With any of the above start codes, whatever Epsilon writes replaces the previous contents of the file. If start is greater than or equal to zero, though, Epsilon only rewrites a section of the existing file, starting at the offset specified by start, and the rest of the file's data will not change.

If the max parameter is non-negative, Epsilon writes only the specified number of characters. (Epsilon counts the characters before adding any <Return> characters or performing any encoding; the count is of characters in the current buffer.) If max is negative, Epsilon writes the entire buffer to the file.

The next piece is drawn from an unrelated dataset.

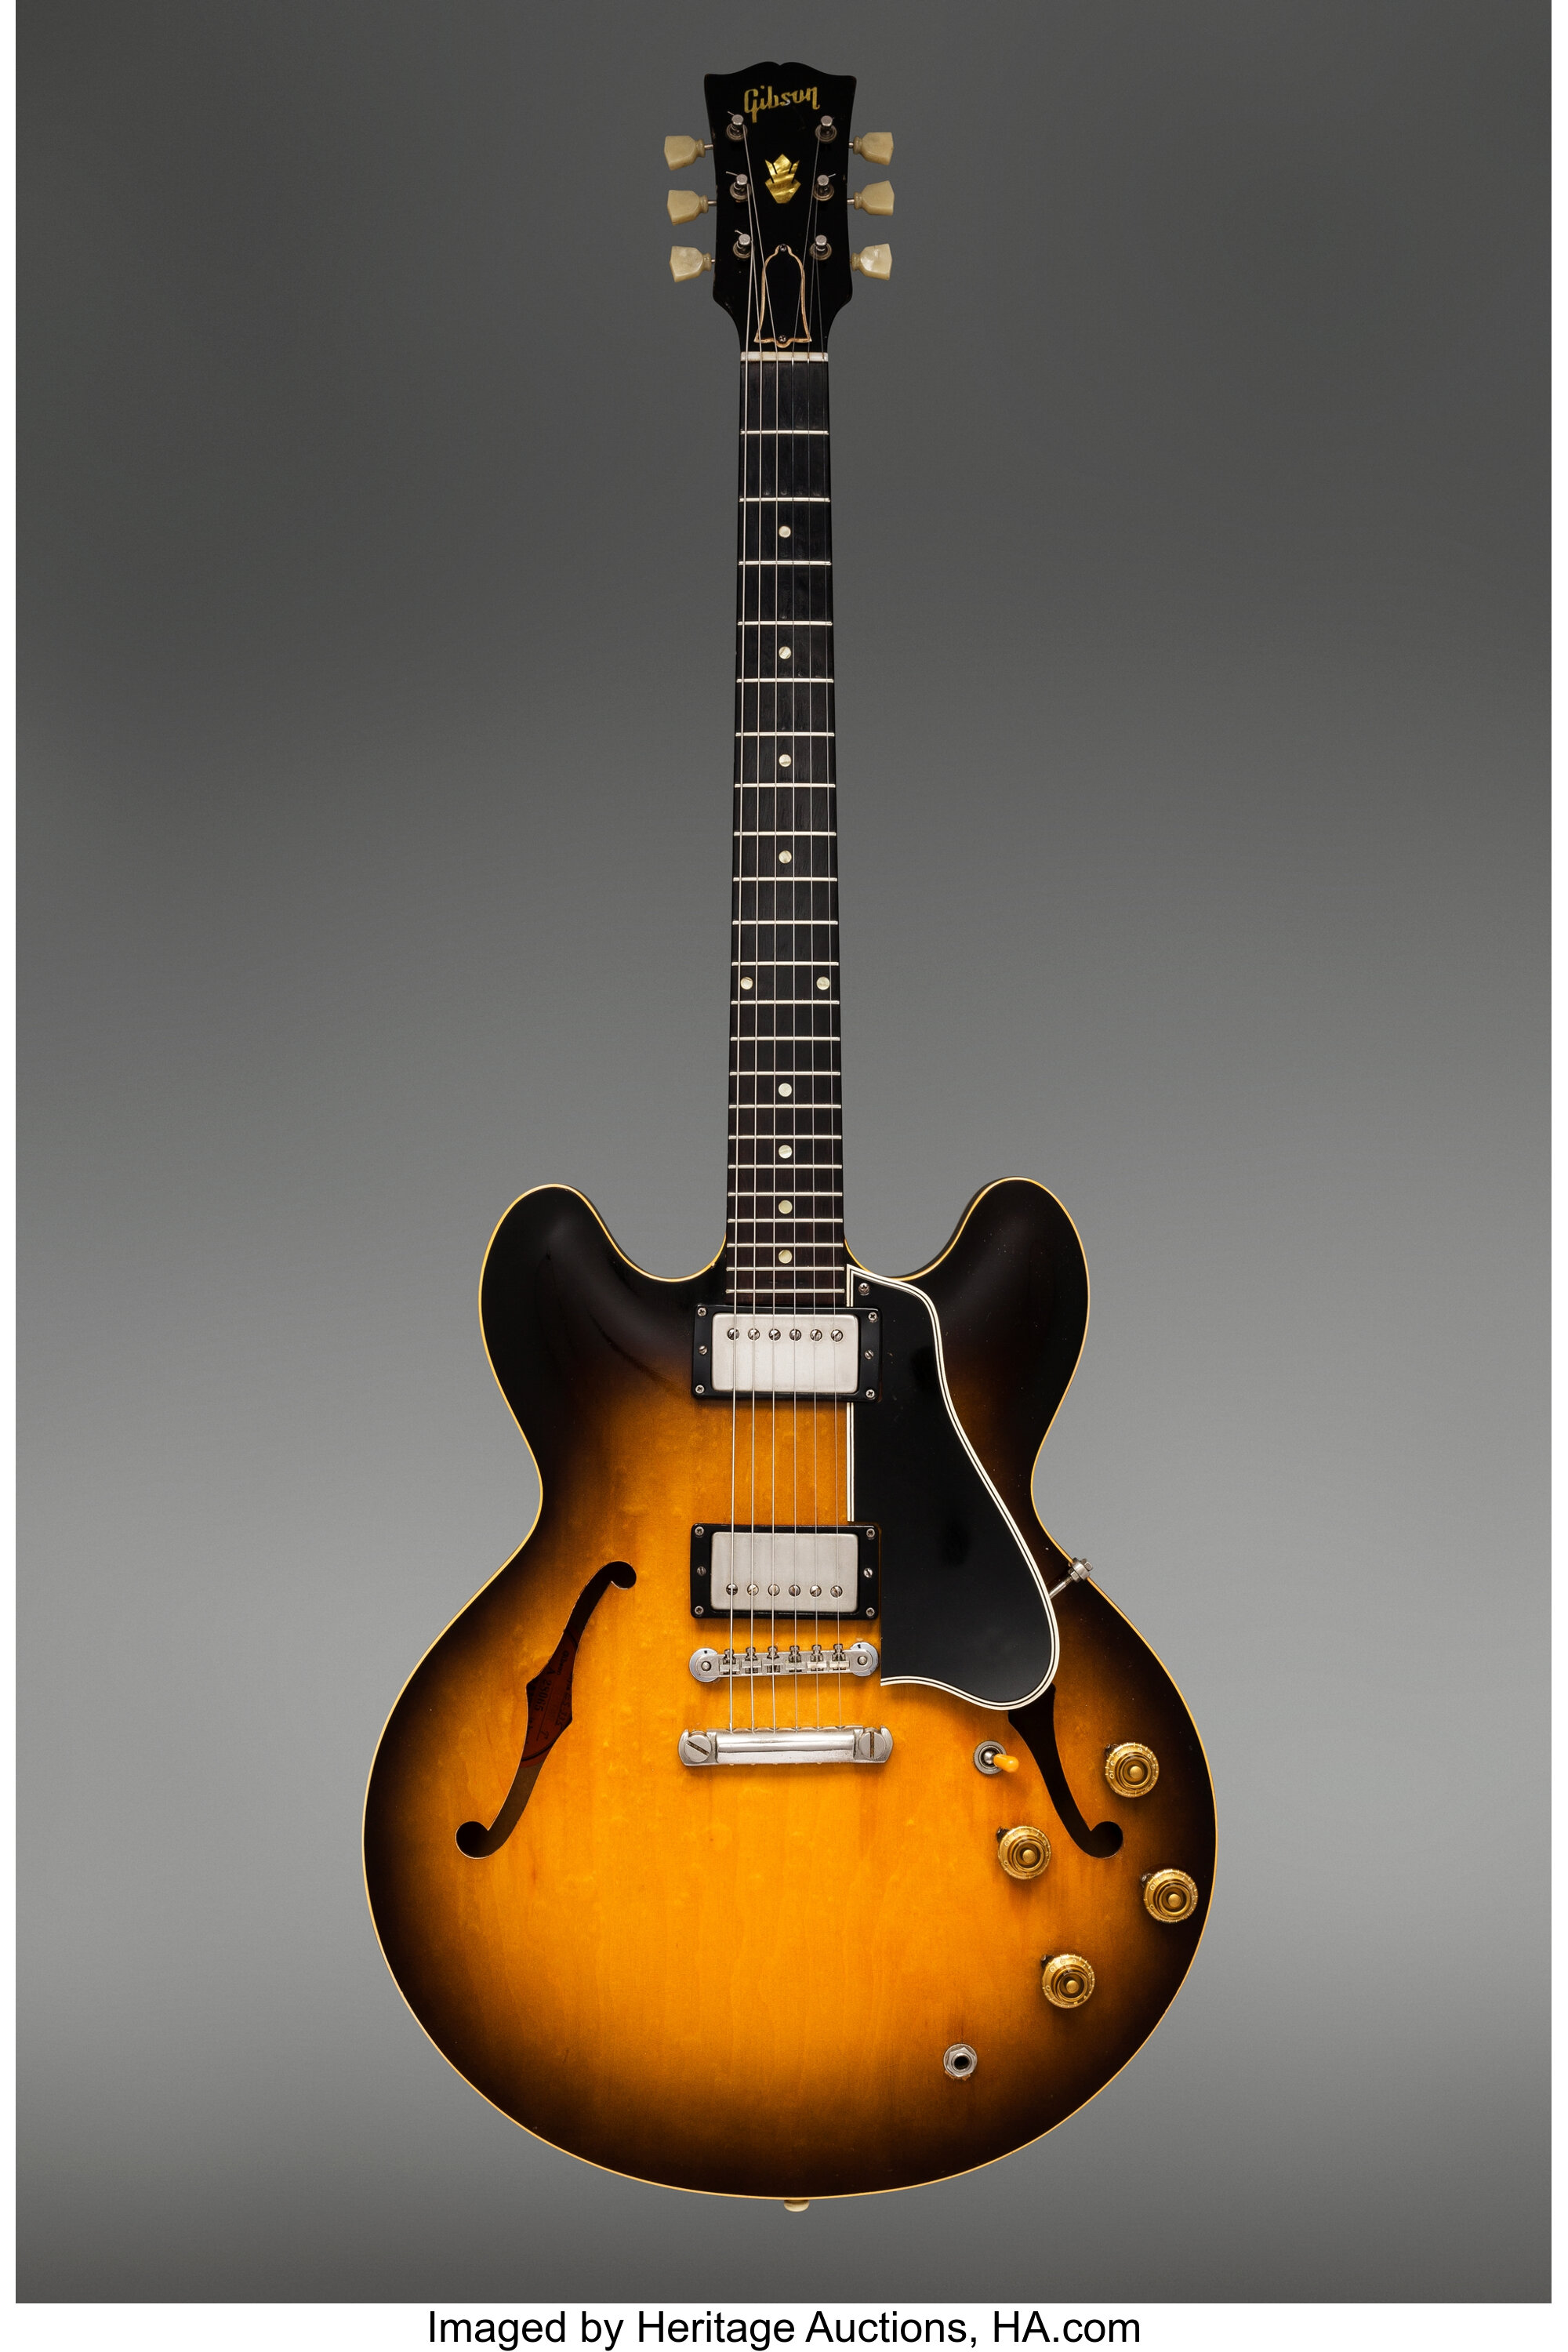 1958 Gibson ES-335 Sunburst Semi-Hollow Body Electric Guitar

The file-writing primitives use the abort-file-io variable to decide what to do if the user presses the abort key; see File Reading Primitives.

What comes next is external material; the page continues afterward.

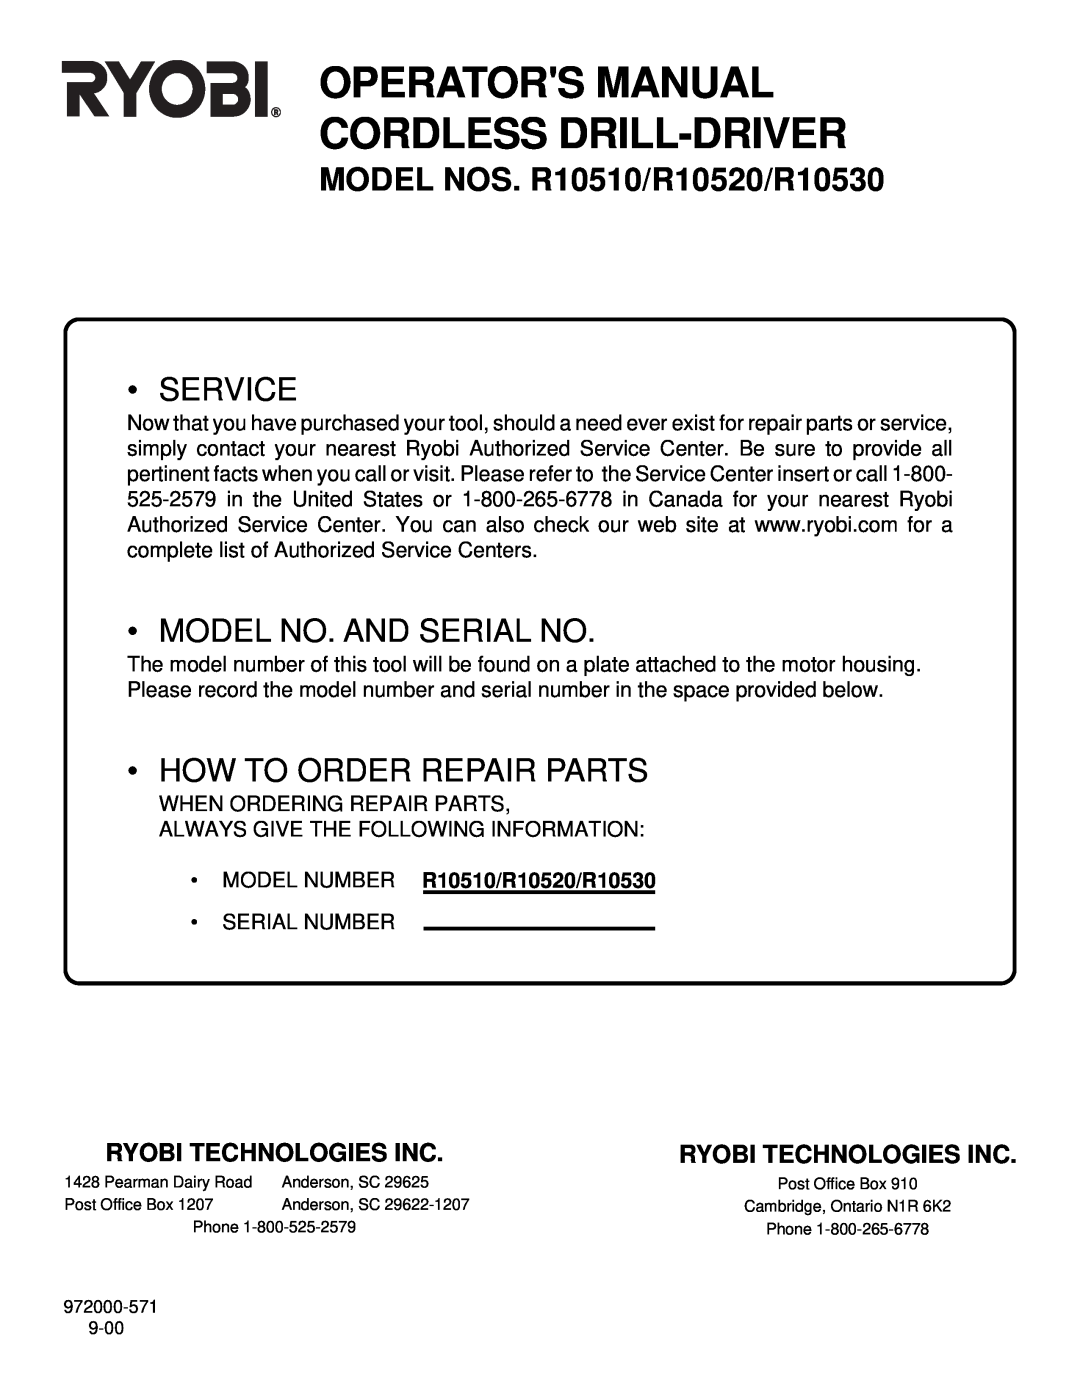 Ryobi manual Operators Manual Cordless Drill-Driver, MODEL NOS. R10510/R10520/R10530, Service, Model No. And Serial No

int do_save_file(int backup, int checkdate,
                 int getdate) /* files.e */

The do_save_file( ) subroutine saves the current buffer like the save-file command, but lets you skip some of the things save-file does. Set the backup parameter to 0 if you don't want a backup file created, even if want-backups is nonzero. Set checkdate to 0 if you don't want Epsilon to check that the file on disk is unchanged since it was read. Set getdate to 0 if you don't want Epsilon to update its notion of the file's date, after the file has been written.

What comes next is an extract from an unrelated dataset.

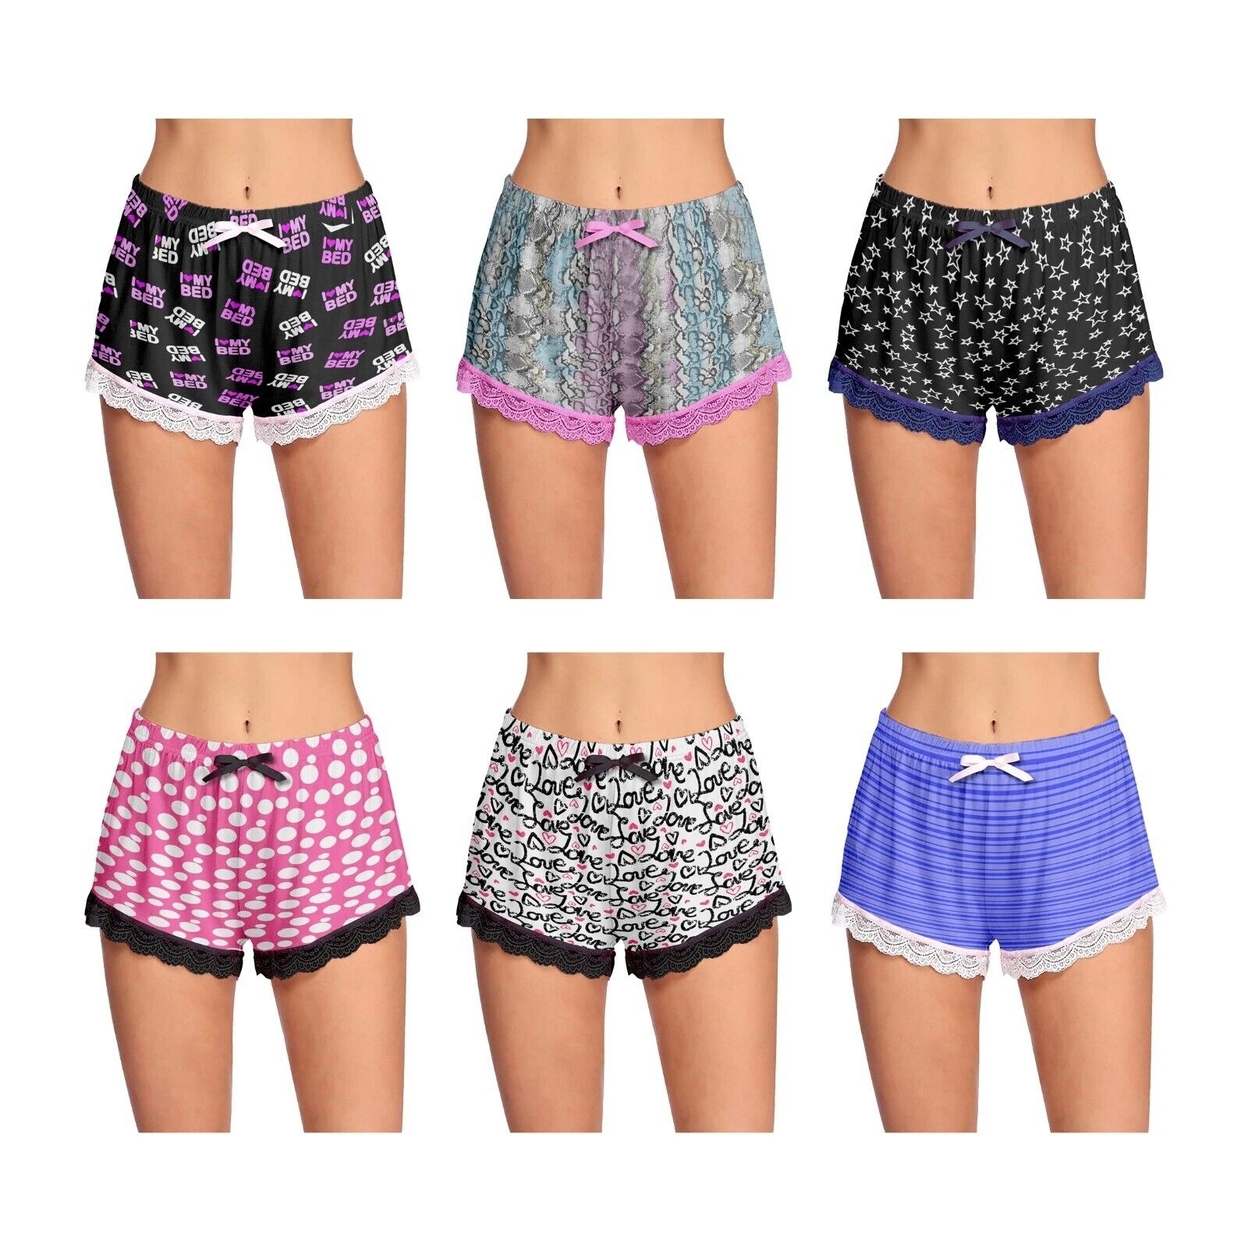 2-Pack: Women's Ultra-Soft Cozy Fun Printed Lace Trim Pajama Lounge Shorts - Small, Animal

The function returns 0 if the write was successful, 1 if an error occurred, or 2 if the function asked the user to confirm a questionable write, and the user decided not to write the file after all.

int ask_save_buffer()
int warn_existing_file(char *s)

A command can call the ask_save_buffer( ) subroutine before deleting a buffer with unsaved changes. It asks the user if the buffer should be saved before it's deleted, and returns non-zero if the user asked that the buffer be saved. The caller is responsible for actually saving the file.

Before writing to a user-specified file, a command may call the warn_existing_file( ) subroutine. This will check if the file already exists and warn the user that it will be overwritten. The subroutine returns zero if the file didn't exist, or if the user said to go ahead and overwrite it, or nonzero if the user said not to overwrite it.